Graham loves animals. Horrified at the treatment of animals in factory farms and the torturous short lives they endured on their way to supermarkets and restaurants, she was, and still is, a vegan. She was comfortable, though, taking those snakes from the wild and putting them in her jungle gym, figuring that their life spent simply being observed would be no worse than in the wild. So she kept up her experiments.

And then, she recalls, it went “horribly wrong.”
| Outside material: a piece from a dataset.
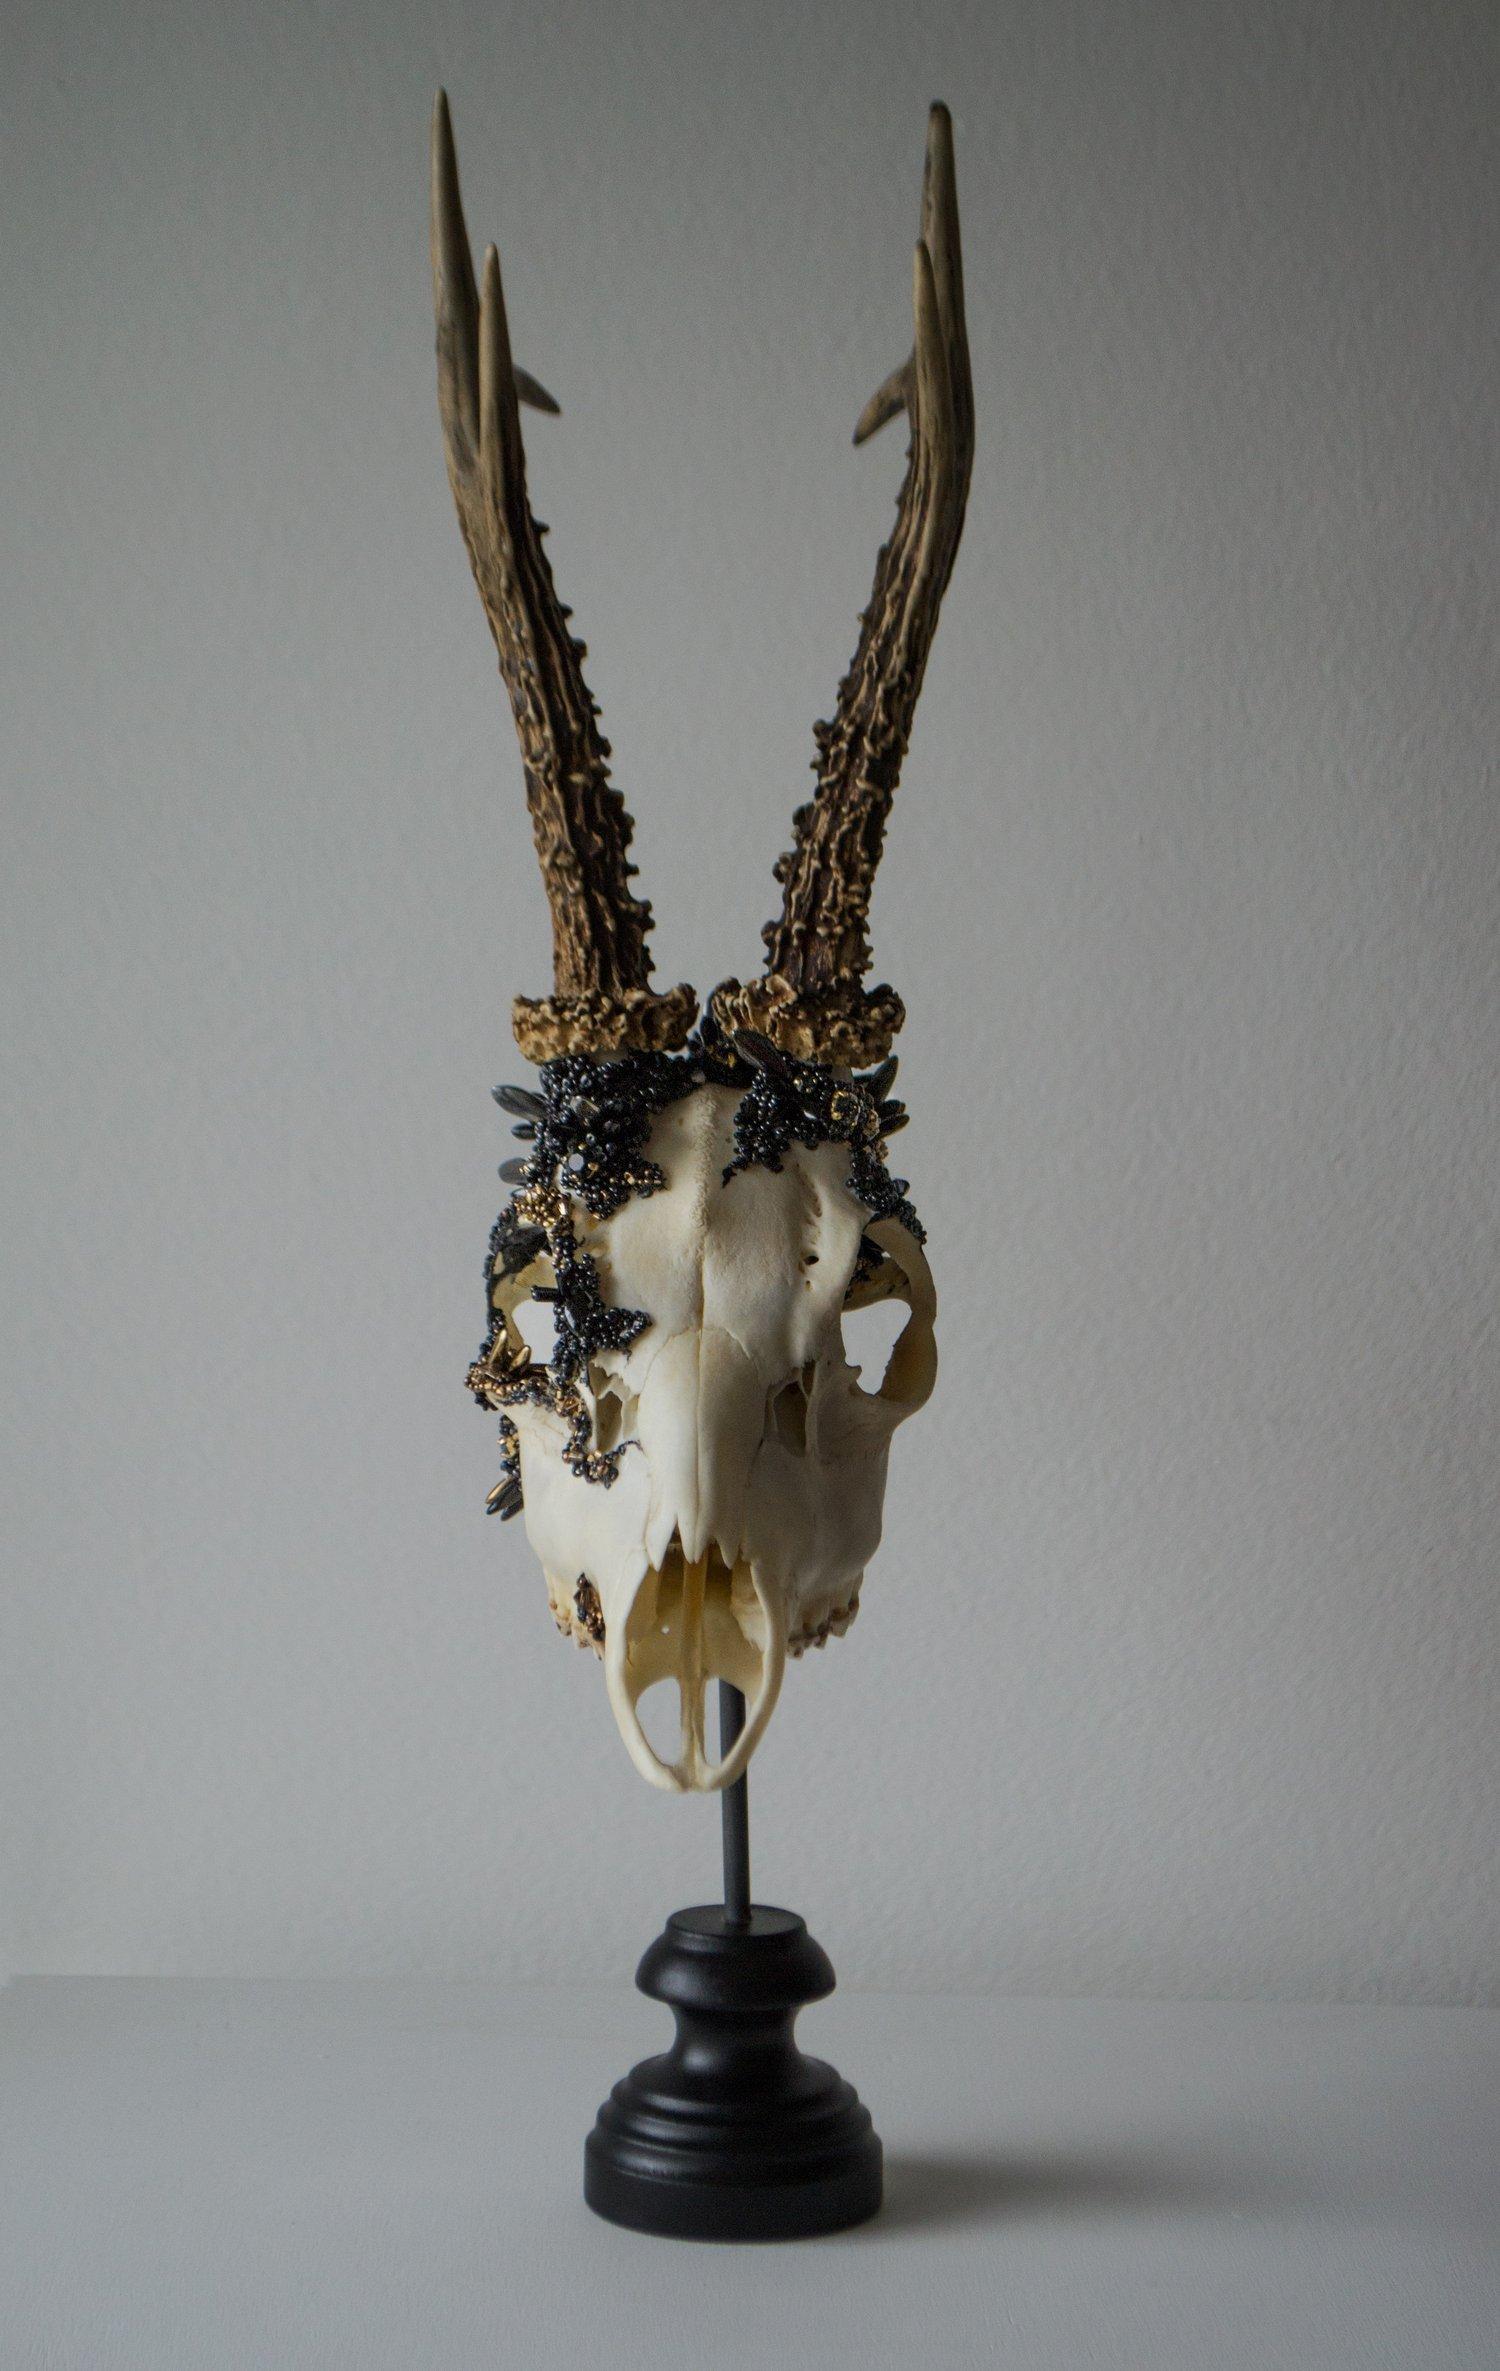 Image of Crystallized Skull #2

Five snakes Graham’s research group purchased didn’t take well to life in captivity. One after another, they died, no matter what Graham and her colleagues tried to keep them going. “I felt like I killed them,” Graham says. The root biological cause of their deaths, whether starvation, stress, or illness, wasn’t important to her sense of guilt and responsibility. She bought them, and they died, and if she hadn’t bought them, they might have lived.

She was anguished by the loss. “I was thinking about quitting my PhD,” she recalls. She sought to figure out exactly what happened. “I needed to understand how stressed they were by the research I was doing,” Graham says. It was noninvasive, for the most part. “You still have to paint markers on the snake to track the body position over time, [which] involves holding them still. You have to move them around from one cage to another,” she explains. “How much does that bother them? What would their life have been like in the wild? Better or worse than it is in captivity?”

The short answer Graham got from the scientific literature was this: Nobody knows. Few people have studied what it’s like to be a wild animal. “I just felt really let down by how little the existing science told me about the welfare of these animals,” she says. “We know nothing about what their lives are like in the wild, from an animal-focused perspective.”

Graham is finishing up her PhD, but two years ago, she got a full-time job running a group called Wild Animal Initiative (WAI), which funds scientists interested in answering the questions that have long vexed her about animals in the wild: What brings them pain, and what brings them pleasure?